In its review of state finances for 2019, the committee noted that BTL’s advertising heavily focused on inducements to gamble, with mandatory information warning of the risks of gambling kept to a minimum in its promotions.

This, however, goes against the guidelines set out in the State Treaty on Gambling, and BTL’s duty to support the legislation’s key aims of preventing gambling addiction and ensure customers play only in moderation, the committee pointed out.

It therefore requested a review of the lottery’s advertising practices. The state Finance Department – which oversees BTL – responded that its duty was to set financial performance goals for investment vehicles such as the lottery, and coordinate efforts to ensure these are met.

However the committee then pointed out that gambling organised for the public interest was not solely governed by financial targets. As the State Treaty dictates that lotteries must uphold its regulatory aims, they are also bound to achieving social and regulatory targets, rather than just generating funding.

While the Finance Department claimed that all advertising had been approved by the state’s Minister of the Interior, this in turn revealed that the minister in question Ulrich Mäurer also served on BTL’s supervisory board. He has since stood down from this board position.

As a result of the concerns raised by the committee, the state parliament has commissioned an inquiry into BTL’s advertising, with a final report to be delivered in October this year.

Such conflicts of interest were flagged in a 2010 Higher Administrative Court ruling, which ordered a clear separation between bodies with oversight for gambling, and those responsible for state finances.

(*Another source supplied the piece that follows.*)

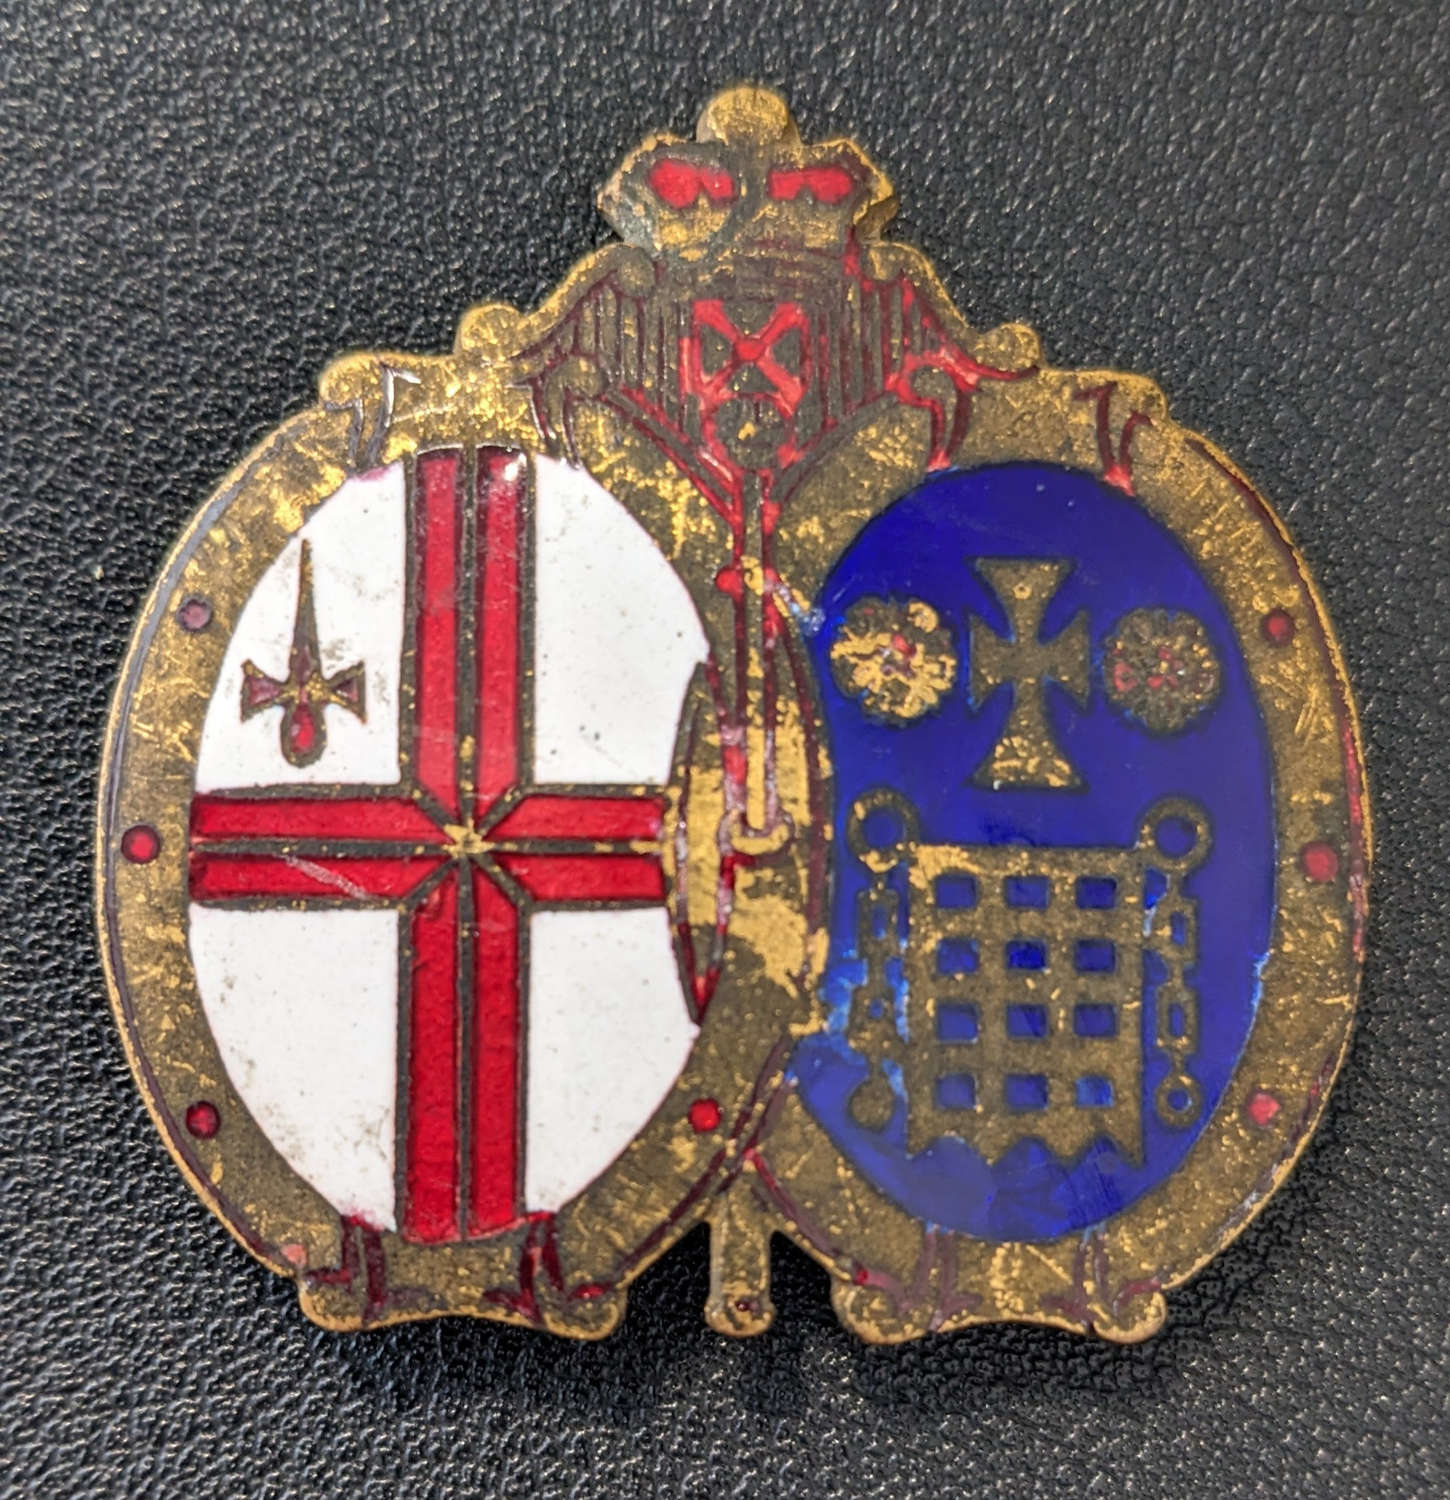 Victorian Possible Derry/Londonderry Related Enamel & Gilt Badge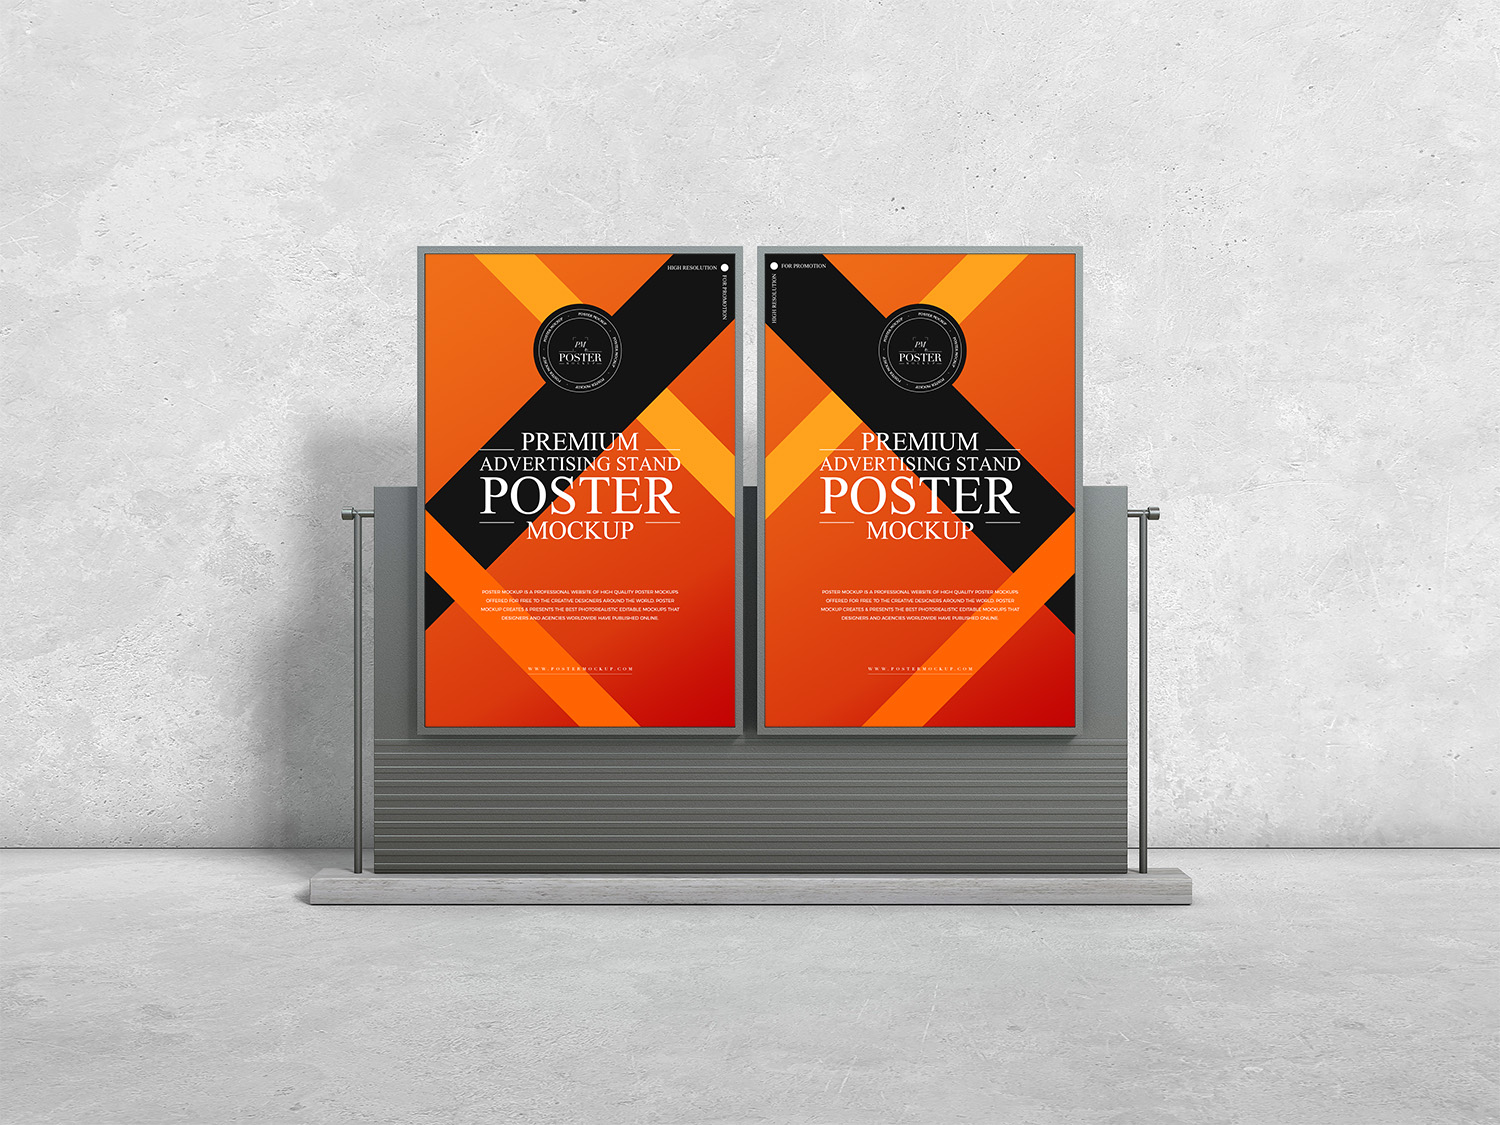 Free Advertising Stand Dual Poster Mockup

In addition, the Audit Committee also queried the lottery’s failure to comply with state public procurement laws. The committee admitted that with conflicting legal advice, a judicial ruling was necessary to determine whether the BTL constituted a contracting authority – which would mean it is bound to follow procurement laws.

However, it added, due to the nature and purpose of the business, it was “not very convincing” that the lottery failed to apply even basic procurement laws when selecting suppliers and contractors. As it is majority owned by the state of Bremen, the Finance Department has been asked to ensure the lottery follows state legislation related to procurement going forward.